序文 ACT

序文

本版の新しい点

アクセプタンス&コミットメント・セラピー(ACT)は、1999年に本書の初版として書籍の形で世に出された。その時点では基礎となるモデルはまだ十分に発展しておらず、知識開発の戦略も明確に言語化できていなかった。そのことは自覚していたが、当時すでに20年近く育ててきた「我が子」を世に送り出す時期はとっくに来ていた。関係フレーム理論(RFT)に関する最初の書籍は、その2年後に出版された。

その後、注目すべきことが起きた。非常に優秀な臨床家や研究者たちがこの研究に引き寄せられ、次第にその発展を担うようになっていったのである。
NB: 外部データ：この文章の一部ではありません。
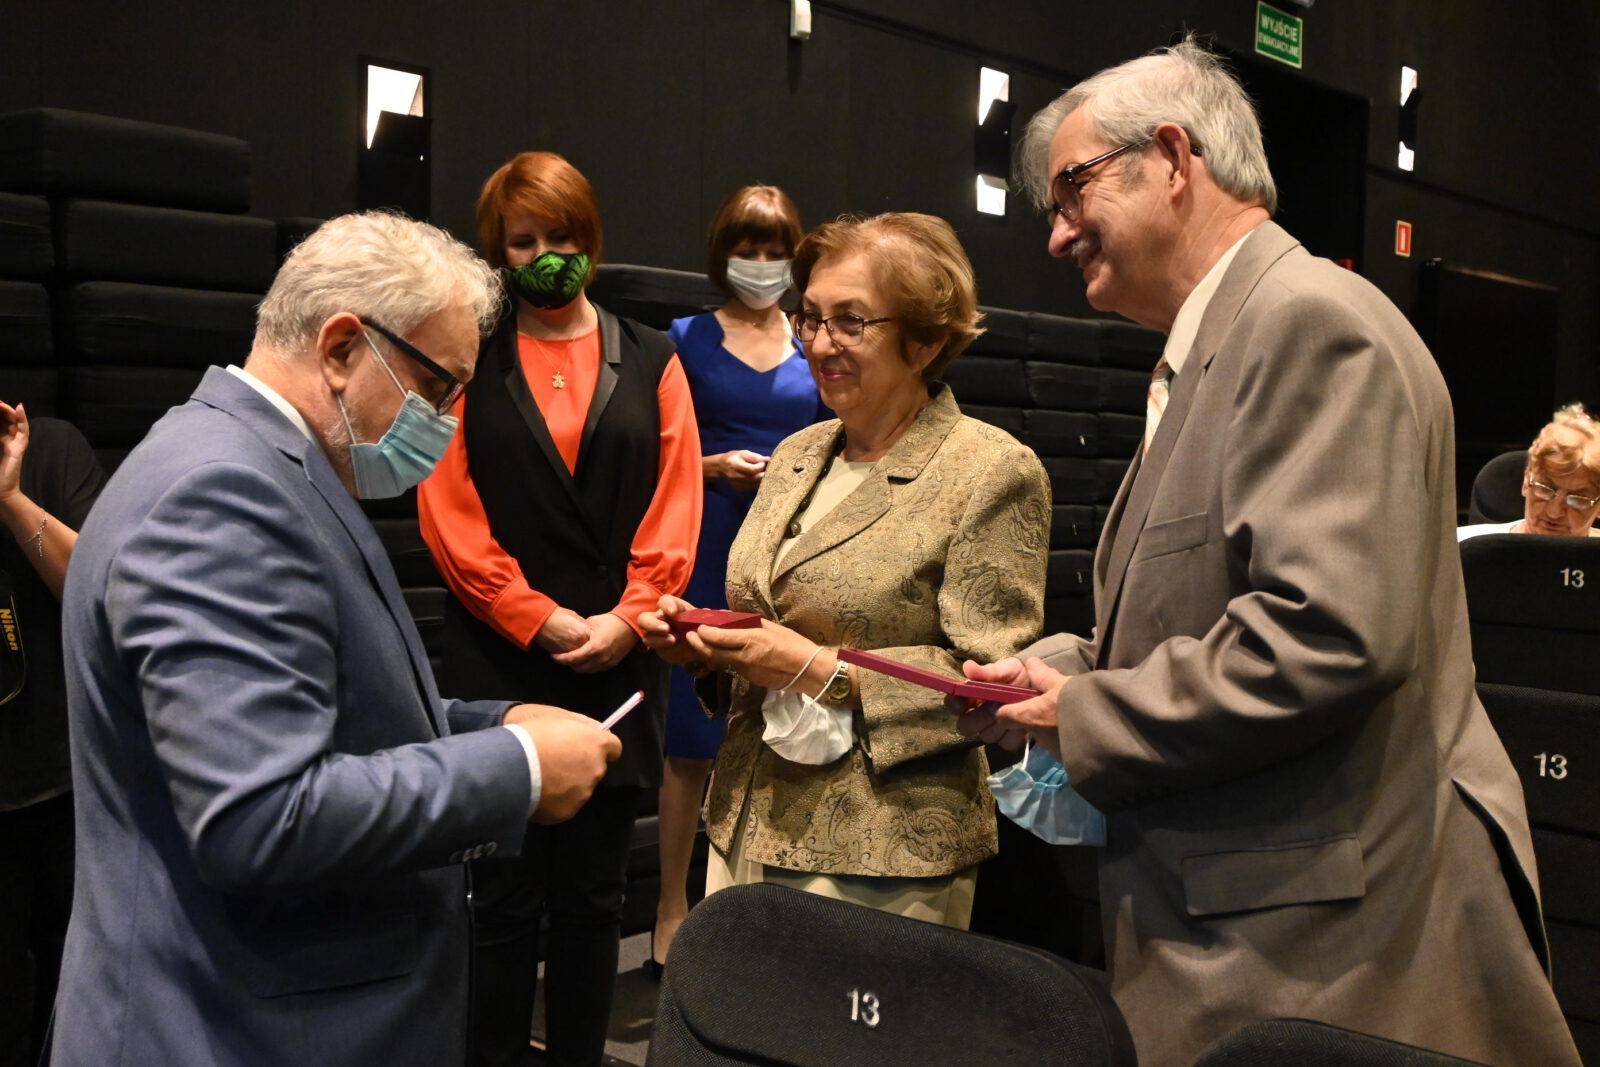 Burmistrz Arkadiusz Czech wręcza medal Jubilatom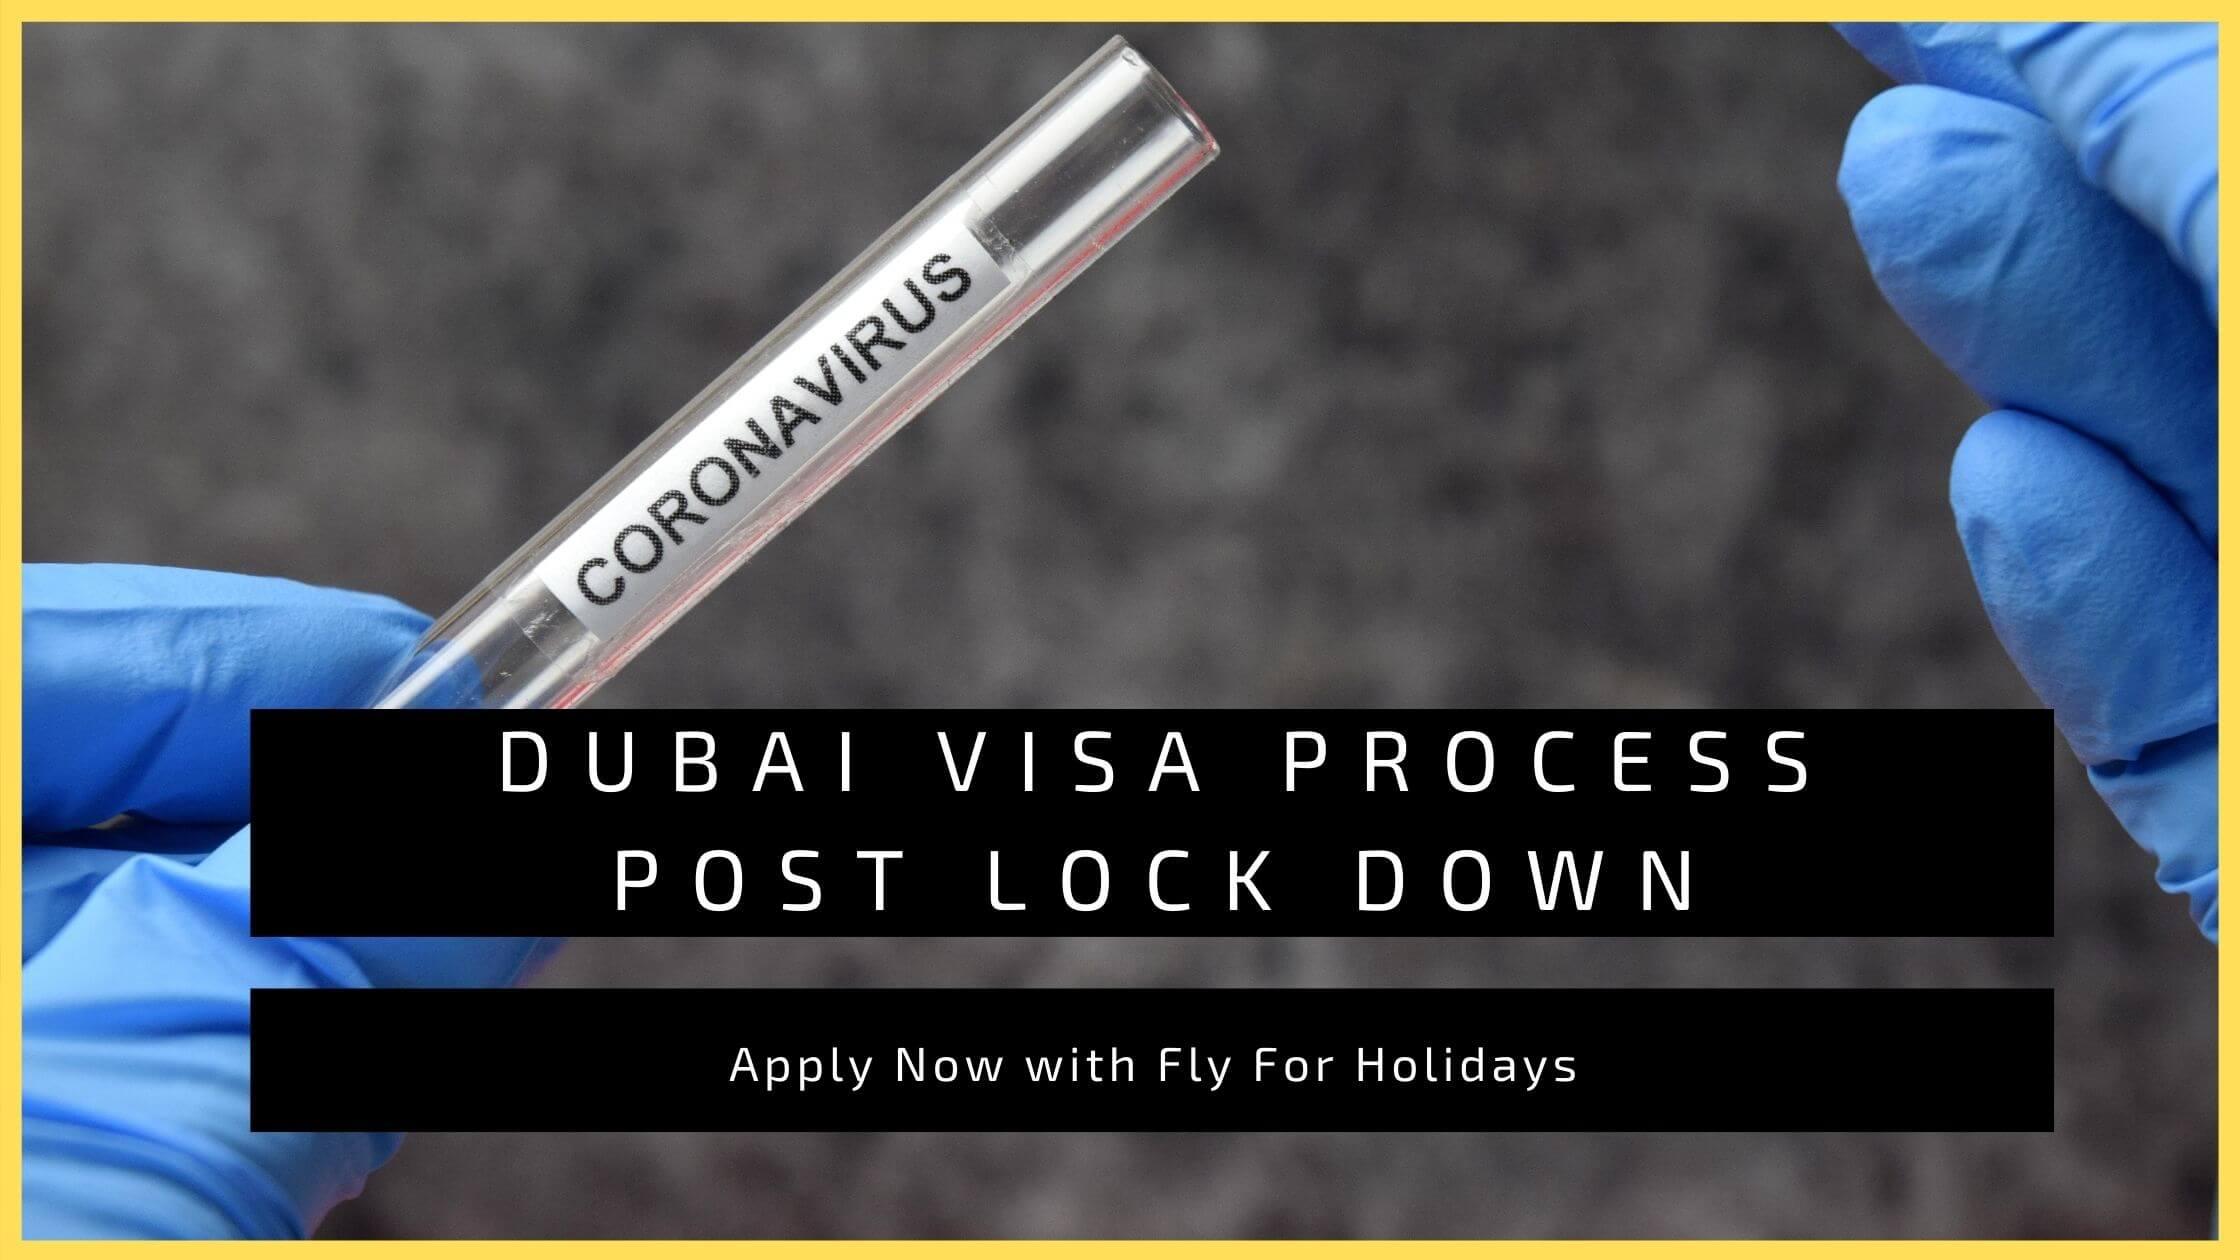 Steps to get Dubai Visa post lockdown - Fly For Holidays

臨床家たちは興奮し、RFT研究は加速した。インターネット上で世界規模の議論が始まり、学会が設立され、他の書籍も出版された。国内・国際・地域レベルの学術大会が定期的に開催され、既存の学会もこの研究に対してより高い関心を寄せるようになった。トレーニングの革新が花開いた。研究データが流入し始めた。国際的に、複数の言語圏でエキスパートが現れた。発展のペースは加速し、基礎的・応用的なデータがますます洗練化を導くようになった。誠実な批評家も現れ、研究をさらに磨き上げた。

その結果、この12年間で概念的・技術的・実証的な面で著しい進歩が遂げられた。私たちはACTを6つの主要プロセスとその相互関係へと凝縮することができ、それらは「心理的柔軟性」という中心的な関心を軸としている。データはACTが主として以下の心理的柔軟性プロセスを通じて効果をもたらすことを示している:脱フュージョン、アクセプタンス、現在の瞬間への柔軟な注意、文脈としての自己、価値、そしてコミットされた行動である。

私たちが期待していた通り、ACTの手法は他の実証に基づくアプローチと統合可能であり、心理的柔軟性が他の重要な行動プロセスを促進することも明らかになってきた。ACTの手法が有効とされた問題領域の幅は印象的であり、心理的柔軟性モデルの射程の広さは驚くべきものだった。うつ病に有効なモデルが、喫煙にも有効だった。ヘロイン依存に有効なモデルが、糖尿病管理にも有効だった。もちろんプロトコルは大きく異なり、含まれる行動的手法はそれぞれの用途に固有のものも多い。その結果、ACTの手法の数は、いかなる一冊の本にも——あるいは2冊にも10冊にも——収まりきらないほど増えているが、変化のモデルとそのプロセスは多様な行動変容の領域にわたって類似しているように見える。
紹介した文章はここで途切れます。